И собаки, собаки глаза твои съедят.
Захохотал Барма тут, от смеха аж заколыхался весь. «Што языком-то вяжешь!.. отзынь, юрод, отлепись!..» Оттолкнул Барма меня тогда, и свалился я в снег, а ватага подбежала да сапогами, валенками в бока, под рёбра да в живот меня лупила. Потом утекли. Растворились во снежных вихрях. Я провожал их взглядом. Взгляд мой бежал за ними собакой, лязгал по-волчиному зубами, вился пламенем головни горящей, из печи выхваченной.

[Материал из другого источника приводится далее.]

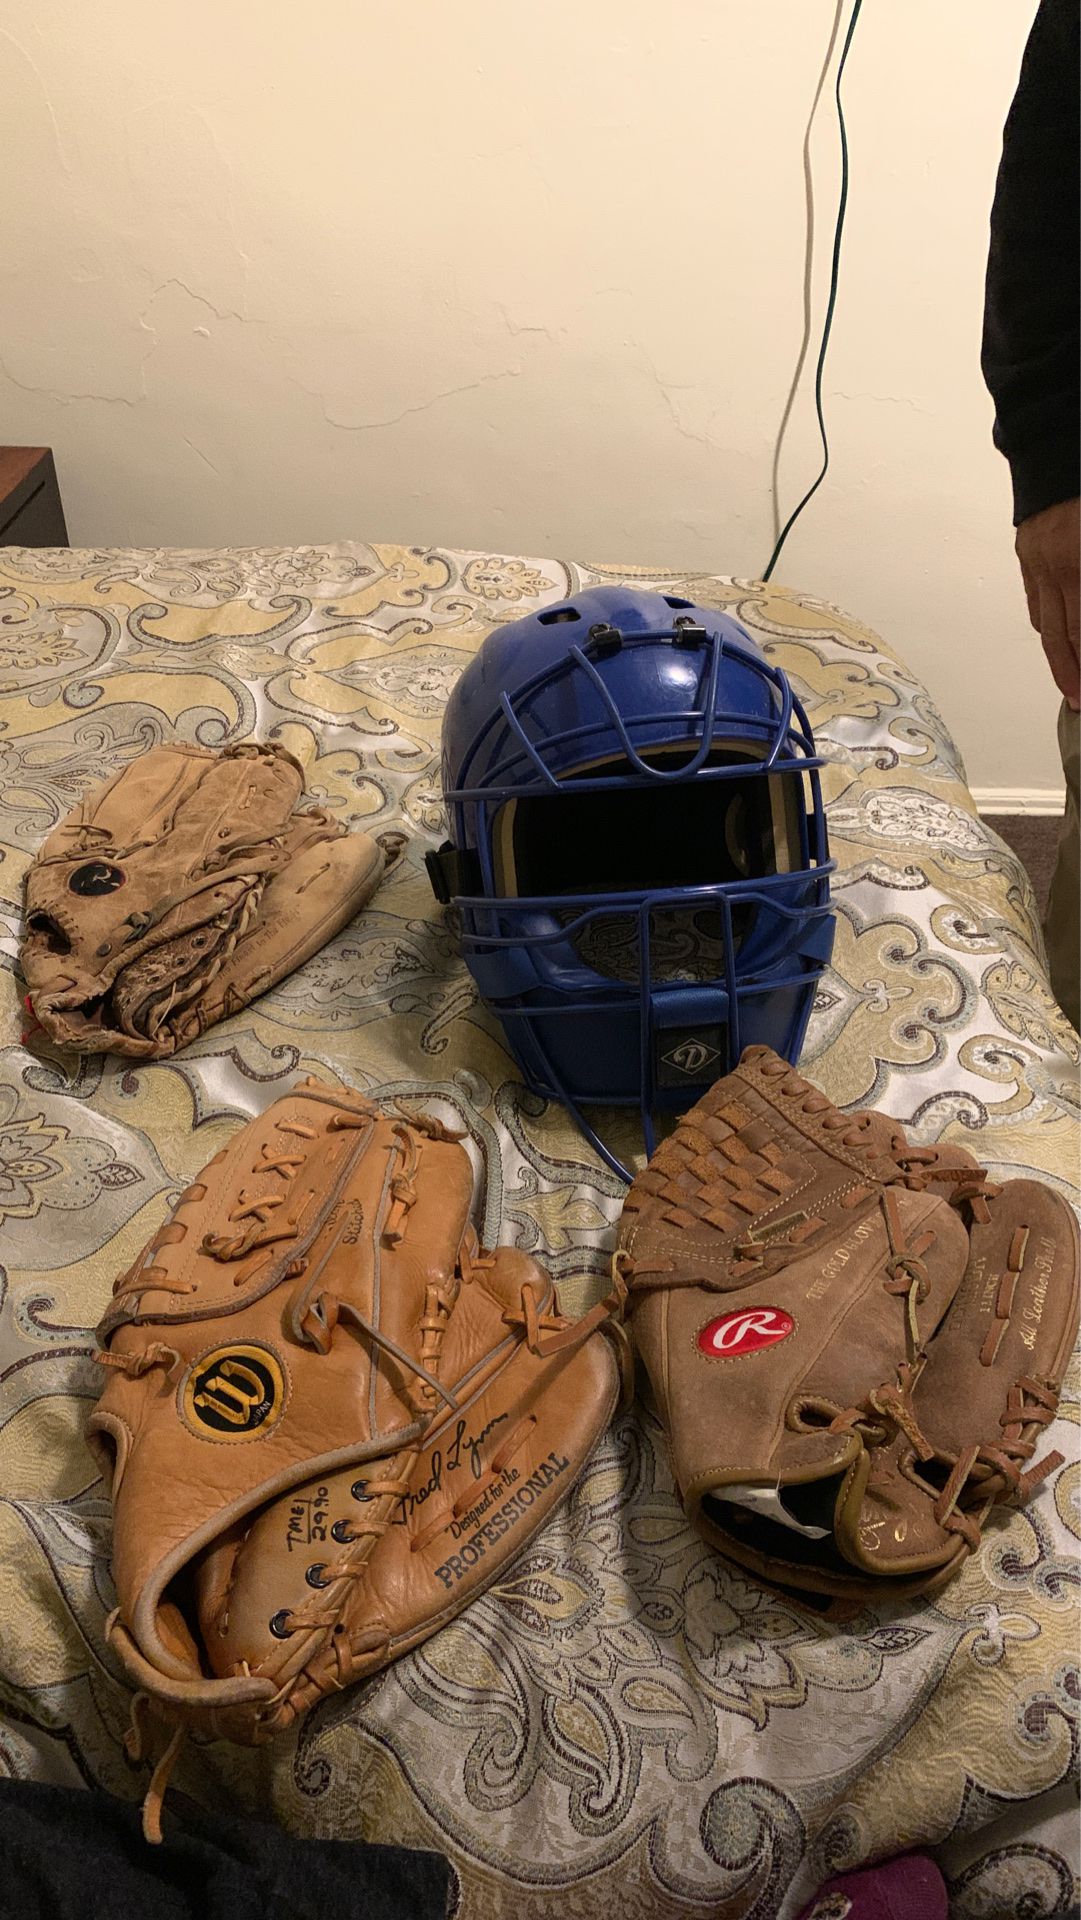 Diamond helmet. 3 baseball gloves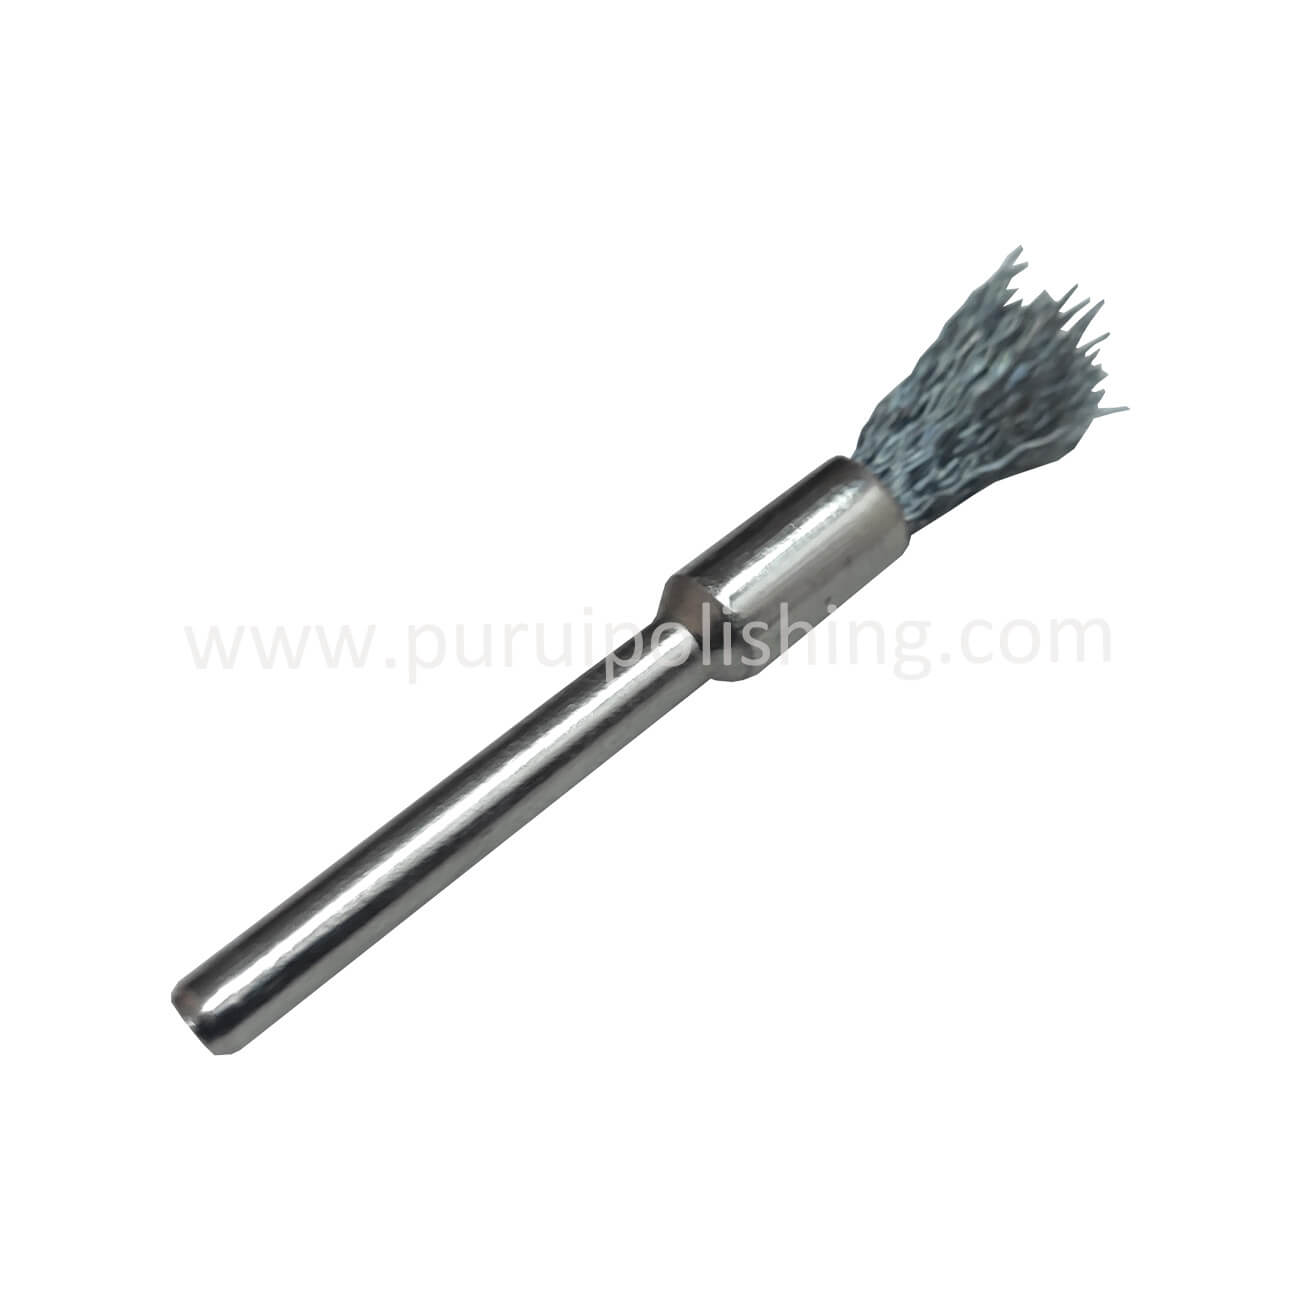 Pen-shaped Dremel Stainless Steel Brush

Вижу тебя теперь, Барма. Сидишь на снежочке, равно как и я же. Да не на Красной площади, а близ иного Кремля, за спиной твоей косогор, дальше крутояр, а дальше – длинное, из косы небесной боярышни истекшее, лентие сине-серебристой, многорыбной реки. Изобильна земля наша! Множество зверья в лесах, густо рыбы в водоёмах! Бабы хлебы пекут, оладьи жарят! Яблоки да вишни самоцветами наземь по осени валятся! Всё тебя, калека, не бойся, сердобольные бабы прокормят. Слепенькому милостыньку подадут. С голоду не помрёшь! Мы – нашим людом – живы!
А теперь, уж не узришь, храм Покрова жарко горит. Вопит огнём! Голосит, поёт, волчьим пламенем воет! Огненные длани к народу тянет! Спаси, мол, народ, сохрани! А что народ может? Что – мы – можем, если судьба пристигнет?!
На громадной, растопыренной площадной ладони стояла эта простоволосая баба, простирала голые руки к людям, готовым к Войне, и рады они были за правду и за Царя погибнуть, за небо родное, за землю родимую, а за что же ещё воевать, Господи, и рад был я вместе со всеми, в воинском строю, уйти туда, где ждали гибель и дым, да во имя Времени, что ребёночком родится и будет взахлёб, радостно и яростно жить, когда нас не станет, – а баба всё стояла, и всё кричала, и голос её нёсся над толпой, и широко подо лбом, как у коровы, стоявшие очи её излучали безумье любви, блестели слезами любви! Всё больше становилась она, живая и смертная, вечной любовью, ибо видела – не удастся ей остановить смерть, и уже всё равно, кто положил им, смерти и Войне, здесь быть, ведь Бог распят и воскрес и улетел на небеса, а мы-то тут, на пылающей площади, среди танков и гаубиц, по колено в крови, по колено в снегу! Глядела баба на людей зверино раскосыми глазами, а потом глядела на меня. Вселенский огонь шёл стеной.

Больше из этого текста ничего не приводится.